From 168bb2a6ed1977e96c0a404cbb1dc6ed192c1d5c Mon Sep 17 00:00:00 2001
From: Robyn Speer <rspeer@luminoso.com>
Date: Thu, 18 Feb 2021 18:25:16 -0500
Subject: [PATCH 4/4] fix version, update instructions and changelog

---
 CHANGELOG.md | 11 +++++++++
 README.md    | 65 ++++++----------------------------------------------
 setup.py     |  8 +++++--
 3 files changed, 24 insertions(+), 60 deletions(-)
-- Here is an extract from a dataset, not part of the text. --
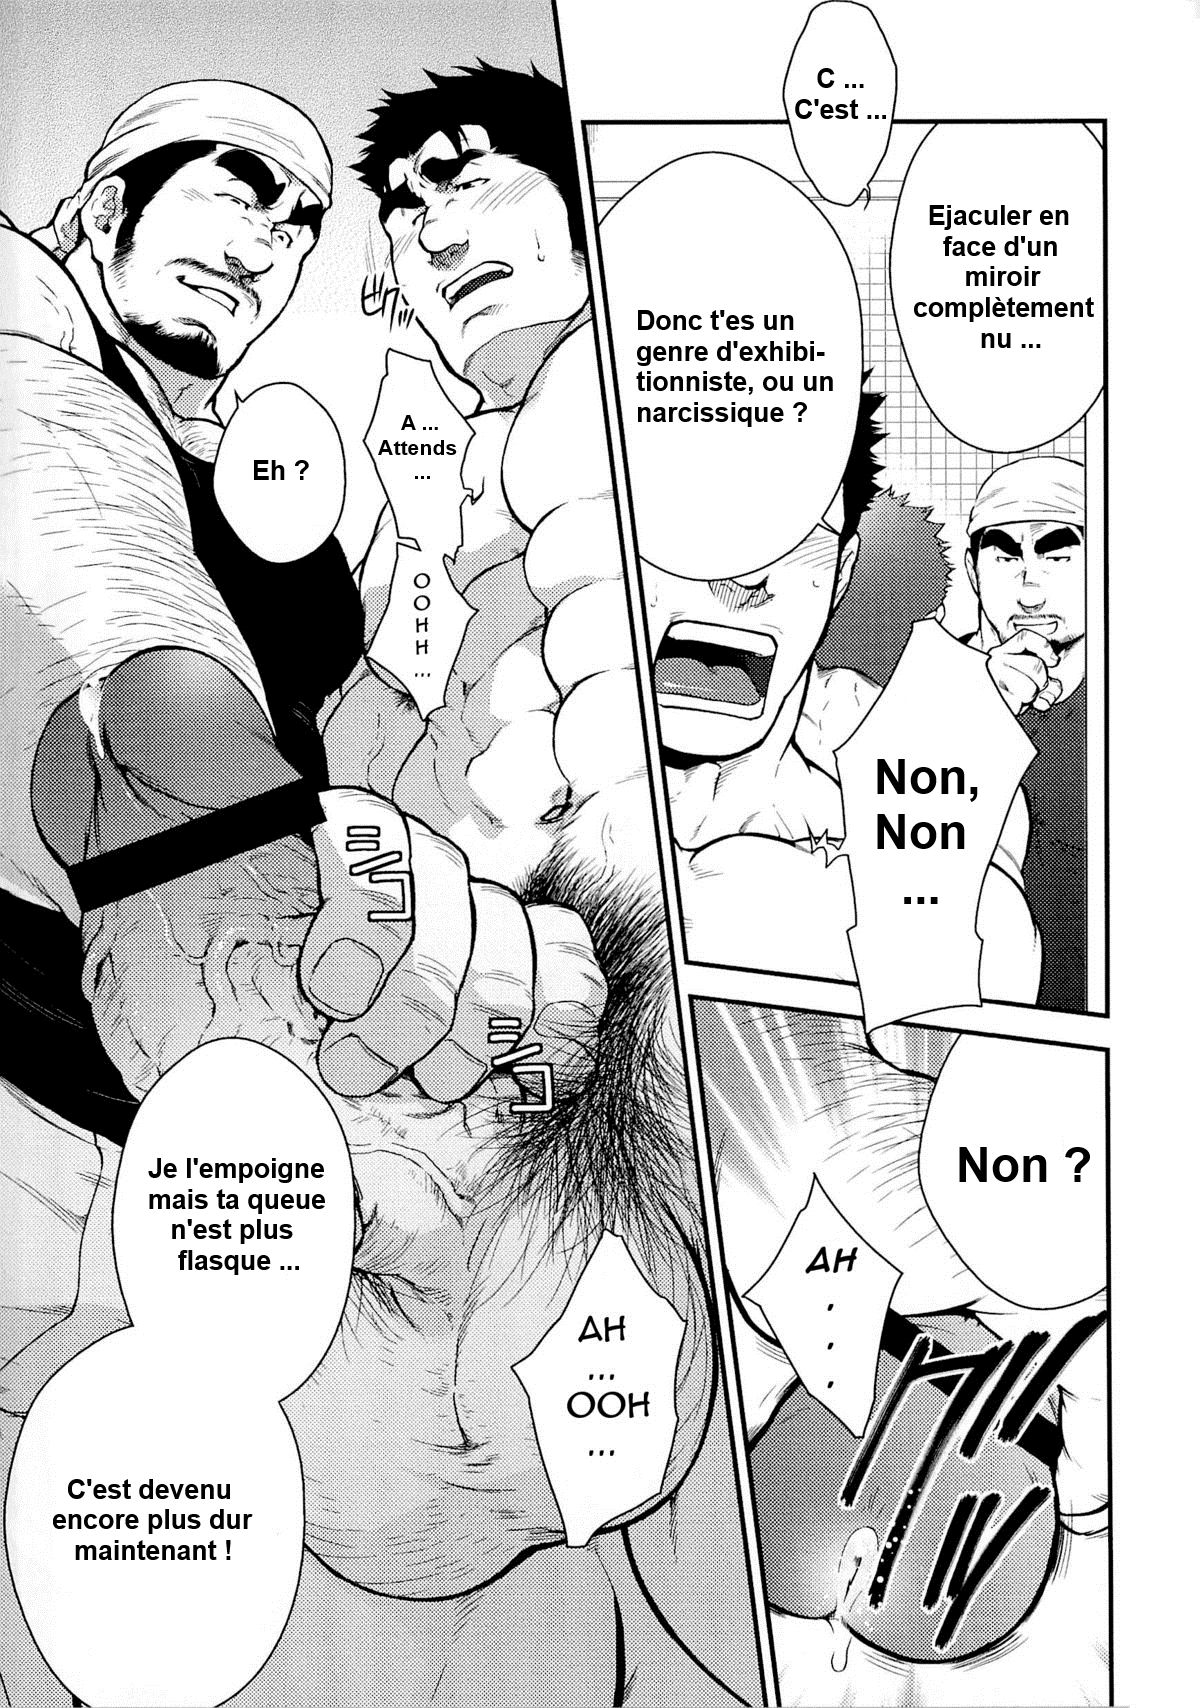 [Terujirou] After a Married Narcissistic Man Jerk Off in the Park [French] translation by MJV2 
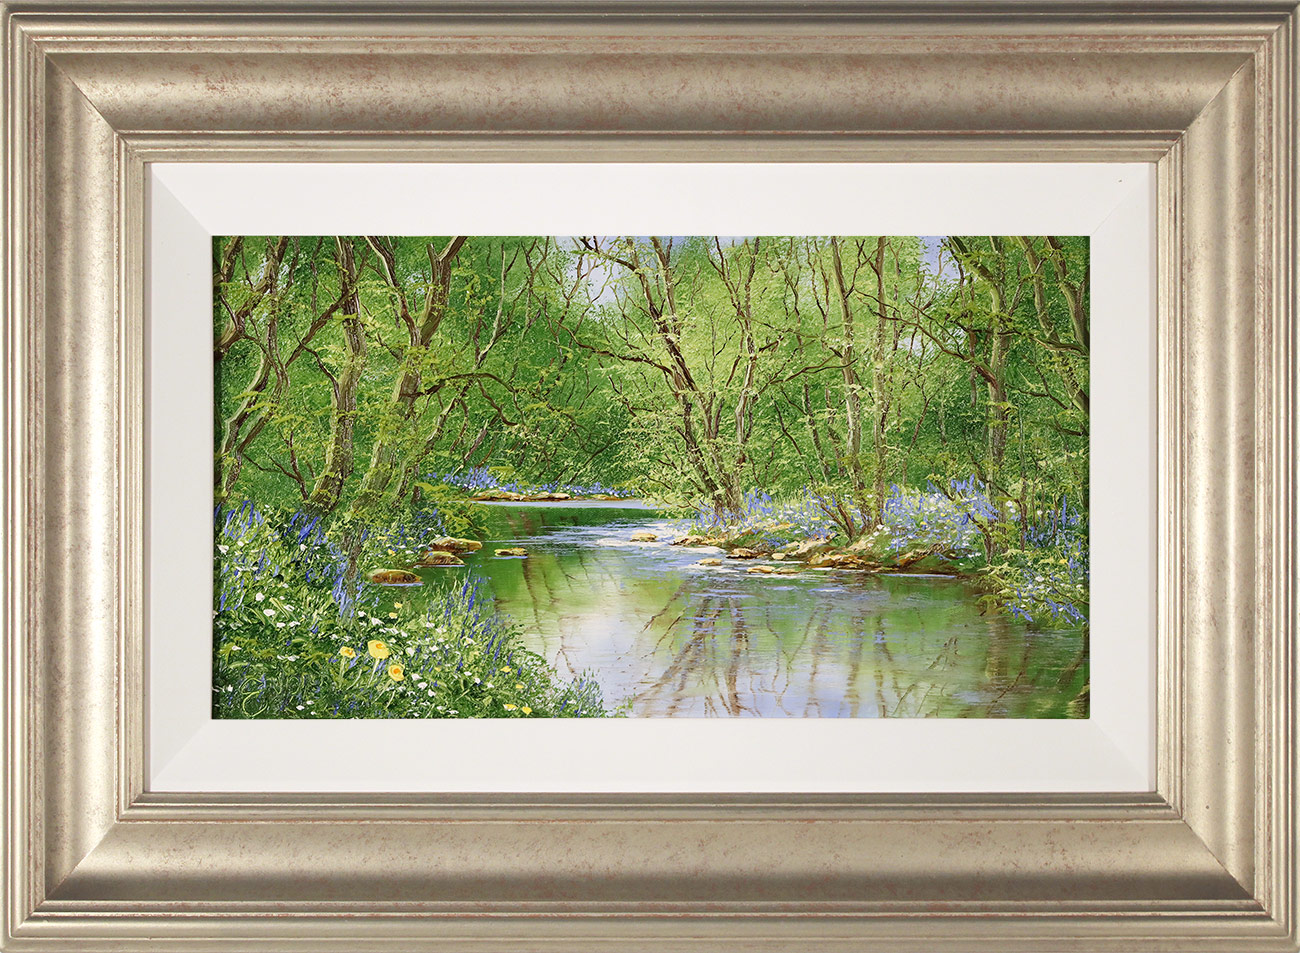 Terry Evans, Original oil painting on canvas, The Bluebell Wood Click to enlarge

diff --git a/CHANGELOG.md b/CHANGELOG.md
index dc23a9d..5460ffc 100644
--- a/CHANGELOG.md
+++ b/CHANGELOG.md
@@ -1,3 +1,14 @@
+## Version 2.4.2 (2021-02-19)
+
+- When tokenizing Japanese or Korean, MeCab's dictionaries no longer have to
+  be installed separately as system packages. They can now be found via the
+  Python packages `ipadic` and `mecab-ko-dic`.
+
+- When the tokenizer had to infer word boundaries in languages without spaces,
+  inputs that were too long (such as the letter 'l' repeated 800 times) were
+  causing overflow errors. We changed the sequence of operations so that it
+  no longer overflows, and such inputs simply get a frequency of 0.
+
 ## Version 2.4.1 (2021-02-09)
 
 - Changed a log message to not try to call a language by name, to remove
diff --git a/README.md b/README.md
index 00c453a..4f31cd7 100644
--- a/README.md
+++ b/README.md
@@ -381,67 +381,16 @@ Simplified Chinese), you will get the `zh` wordlist, for example.
 ## Additional CJK installation
 
 Chinese, Japanese, and Korean have additional external dependencies so that
-they can be tokenized correctly. Here we'll explain how to set them up,
-in increasing order of difficulty.
+they can be tokenized correctly. They can all be installed at once by requesting
+the 'cjk' feature:
 
+    pip install wordfreq[cjk]
 
-### Chinese
+Tokenizing Chinese depends on the `jieba` package, tokenizing Japanese depends
+on `mecab-python` and `ipadic`, and tokenizing Korean depends on `mecab-python`
+and `mecab-ko-dic`.
 
-To be able to look up word frequencies in Chinese, you need Jieba, a
-pure-Python Chinese tokenizer:
-
-    pip3 install jieba
-
-
-### Japanese
-
-We use MeCab, by Taku Kudo, to tokenize Japanese. To use this in wordfreq, three
-things need to be installed:
-
-  * The MeCab development library (called `libmecab-dev` on Ubuntu)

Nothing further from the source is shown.